Los agentes y analistas rastrean las criptomonedas globales desde una sala segura en la sede de la agencia, controlando cuidadosamente las posibles actividades fraudulentas . Una vez que se detecta un comportamiento sospechoso, investigan más a fondo y deconstruyen los detalles de la transacción. "Lo que queremos hacer es rastrear eso lo más rápido que podamos, de la manera más agresiva posible, de manera lineal", dice Smith.

Entre los 254 casos se encontraba una subasta fraudulenta de artículos de lujo que en realidad no existían. Las víctimas recibieron facturas falsificadas de las supuestas empresas, asegurándoles que la transacción era real, y luego los delincuentes detrás de la operación convirtieron sus fondos en activos digitales.

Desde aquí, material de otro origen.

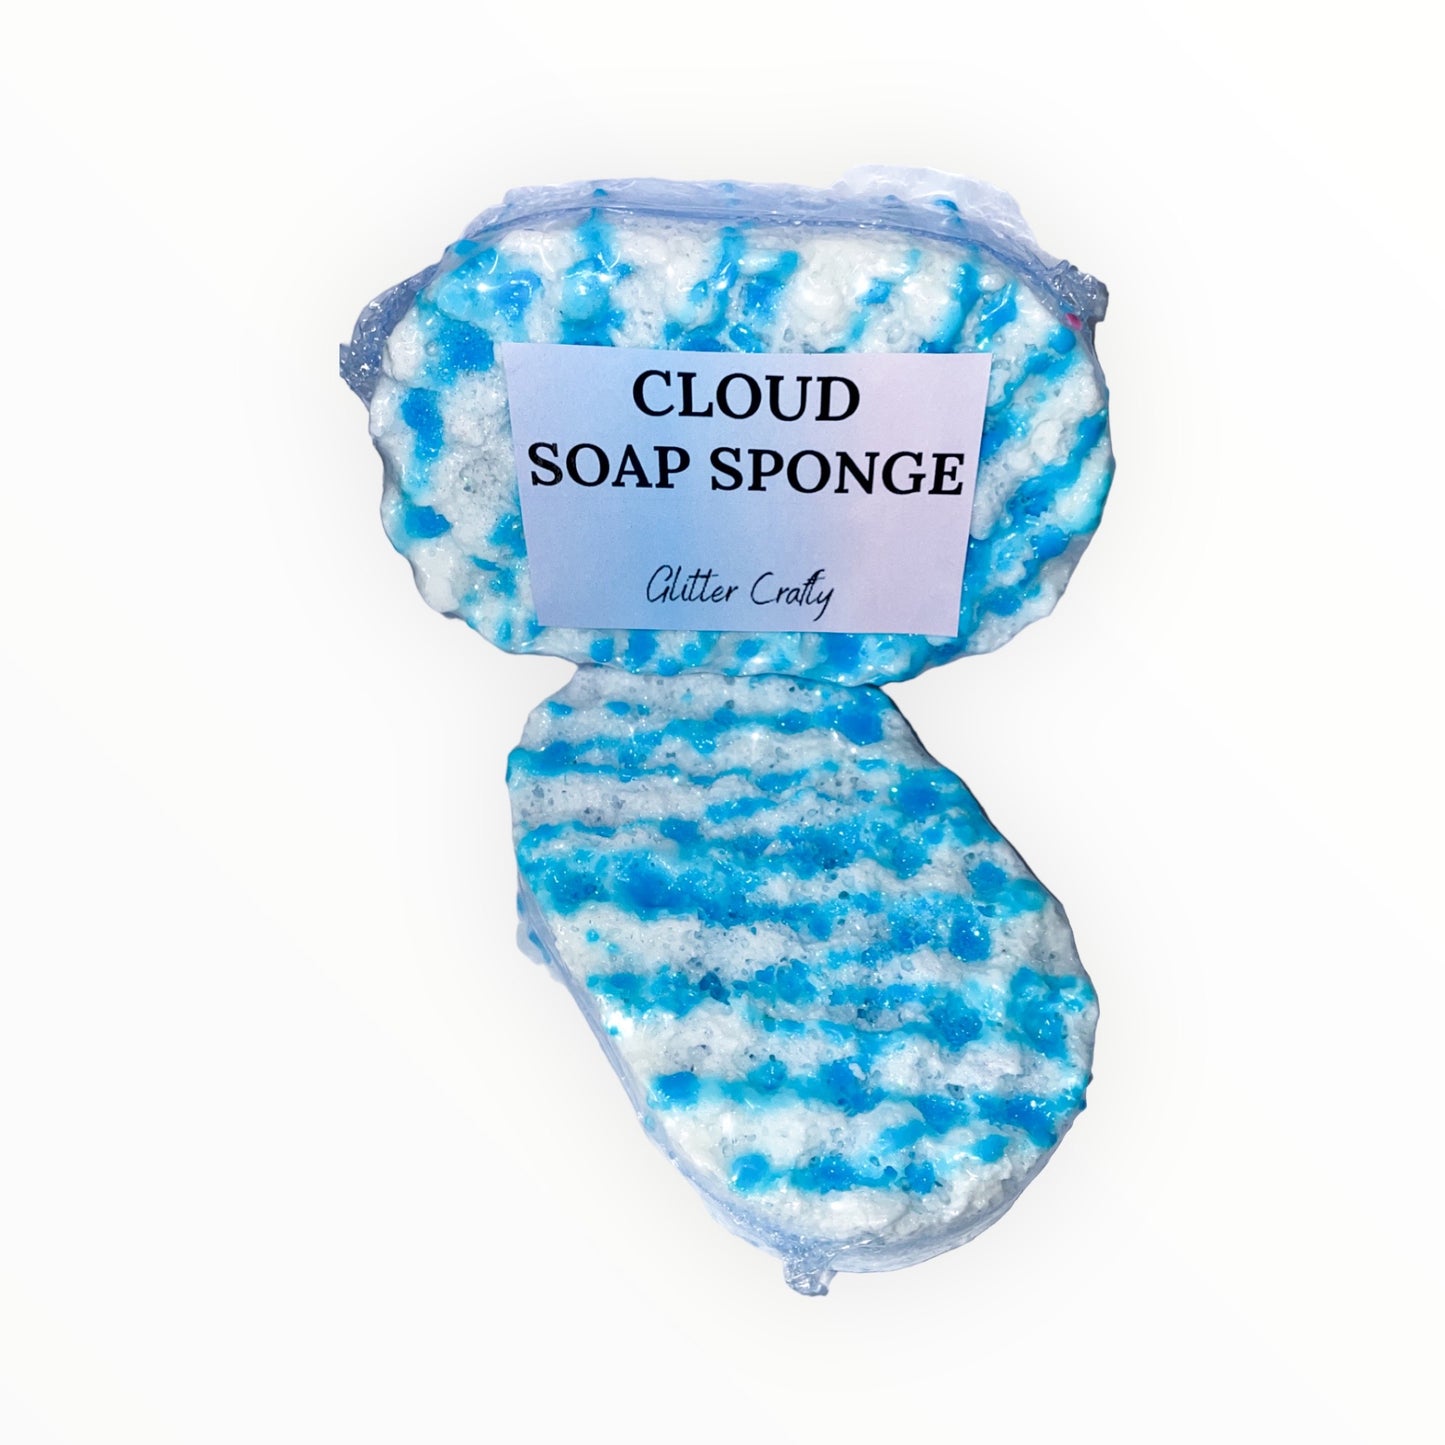 soap sponges

Otra investigación encontró que un grupo de delitos cibernéticos de Corea del Norte implementó un plan para que las víctimas descargaran aplicaciones criptográficas fraudulentas en sus dispositivos, luego usó las aplicaciones ilegítimas como punto de entrada para recopilar datos y obtener acceso a información privada.

A medida que surgen nuevas formas de ciberdelincuencia , el Servicio Secreto continuará monitoreando la actividad sospechosa.